Aurality and the Forms of Life: Empirical Metaphysics and Aesthetic Politics among Afro-Colombian Midwives

Speaker: 

Jairo Moreno

Speaker Series: 

Politics & the Senses
03/28/2018 - 3:30 pm
ENR2 Room 210

In the Colombian Pacific region, Afro–Colombian midwives aurally mediate notions of divine origin and biological grounds for human life during ante–natal care. As embodiments of divinities, fetuses have both the capacity to hear (in a biological sense) and to listen in to the already born, and in the event of death, recently–deceased infants too can listen. Ethnographic, ethnological, and phenomenological analyses serve here to redraw the borders between nature and culture by appealing to ontological distributions other than but in relation to naturalistic conceptions of human aurality in developmental terms. Intensive differences between ante–natal and post–natal bodies are juxtaposed to extensive differences between ante–natal humans (hybrids of humans and divinities) and post–natal humans, and divinities. Aurality emerges as the modality across which these differences are constituted. Midwives’ aesthetic (sense perception) work and thought constitute an empirical metaphysics through which regional conceptions of life–death relationality wager a stake on the political definition of life. 

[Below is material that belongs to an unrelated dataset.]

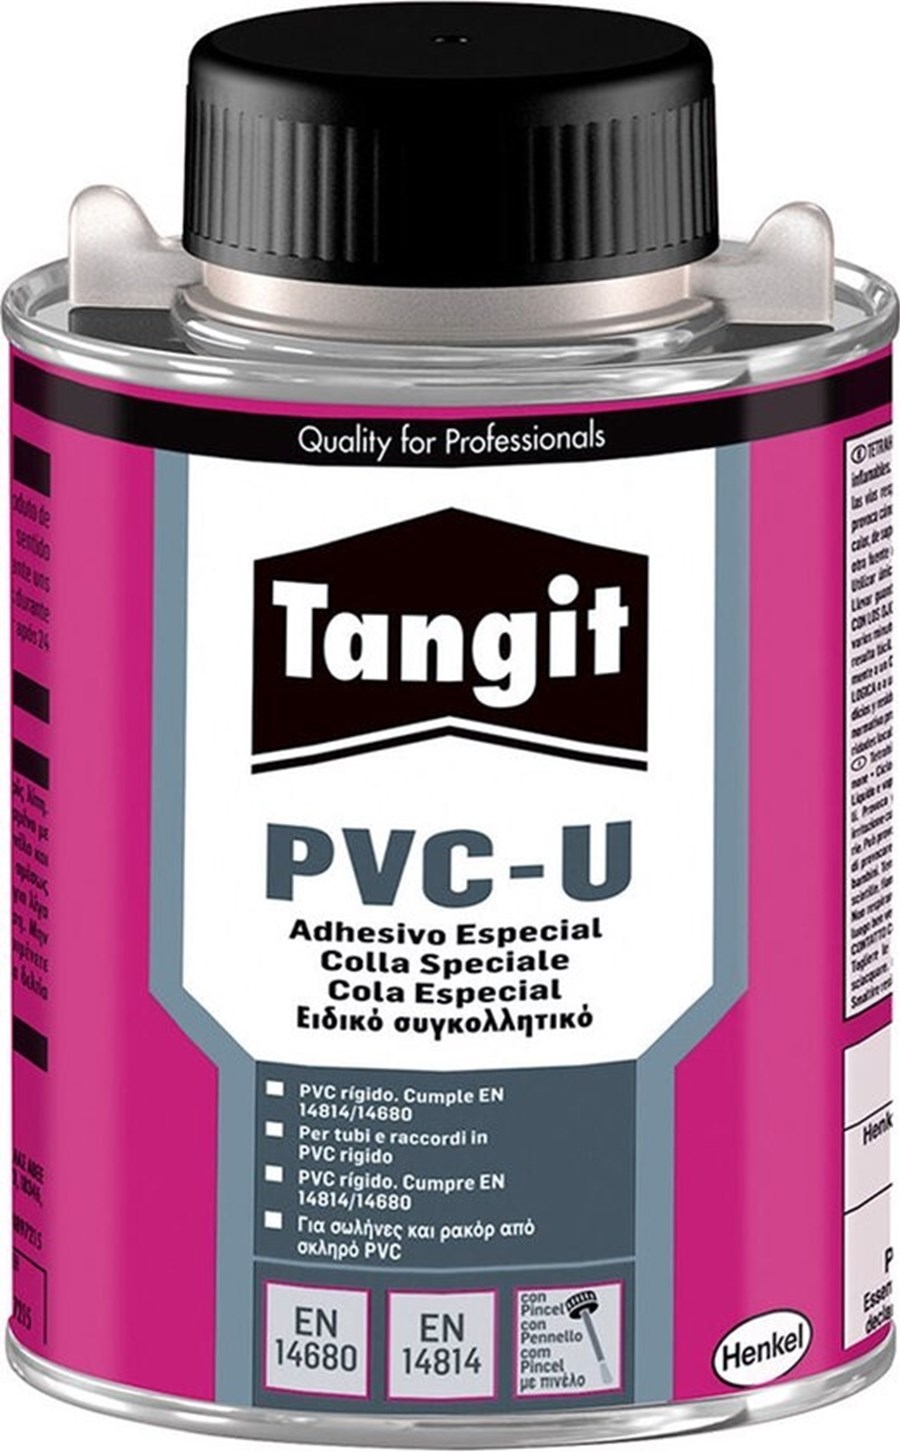 Tangit 250 ml canister

Jairo Moreno is Associate Professor at the University of Pennsylvania, Department of Music. His work in music theory addresses the production of knowledge of music and the sonic in modernity from a historic-speculative perspective. He has written a major study of the history of listening in early modern and modern music theory and analysis, Musical Representations, Subjects, and Objects: The Construction of Musical Thought in Zarlino, Descartes, Rameau, and Weber (Indiana University Press, 2004). He is co-editor of the Oxford University Press series Critical Conjunctures in Music and Sound, and co-editor of Econophonia: Music, Value, and Forms of Life (Boundary 2, 2016).  He also writes at the intersection of aurality, the politics of aesthesis, and Latin-American popular music in the U.S during the long 20th century. His current project is entitled Syncopated Modernities: Musical Latin Americanisms in the U.S., 1978-2008 (forthcoming, U. of Chicago Press) an archival, critical, and ethnographic study of music’s precarious share in political practices during late capitalism. Most recently, he is researching aural practices and “empirical metaphysics” among midwives in the Colombian Pacific region and in Northeast Brazil. Awards include the Society for American Music 2005 Irving Lowens Article Award for Best Article (“Bauzá-Gillespie-Latin Jazz”), Whiting Fellowship in the Humanities (Yale), ACLS Fellowship (2009-2010), and National Humanities Center Fellowship (2012-2013). A former professional musician, he was bassist in five Grammy Award nominated recordings with the late Latin and Jazz percussionist Ray Barretto (Blue Note, EMI-France, Concord, Fania labels—1989-1997), appeared in numerous other recordings, and performed chamber music with guitarist David Starobin and the Ciompi String Quartet.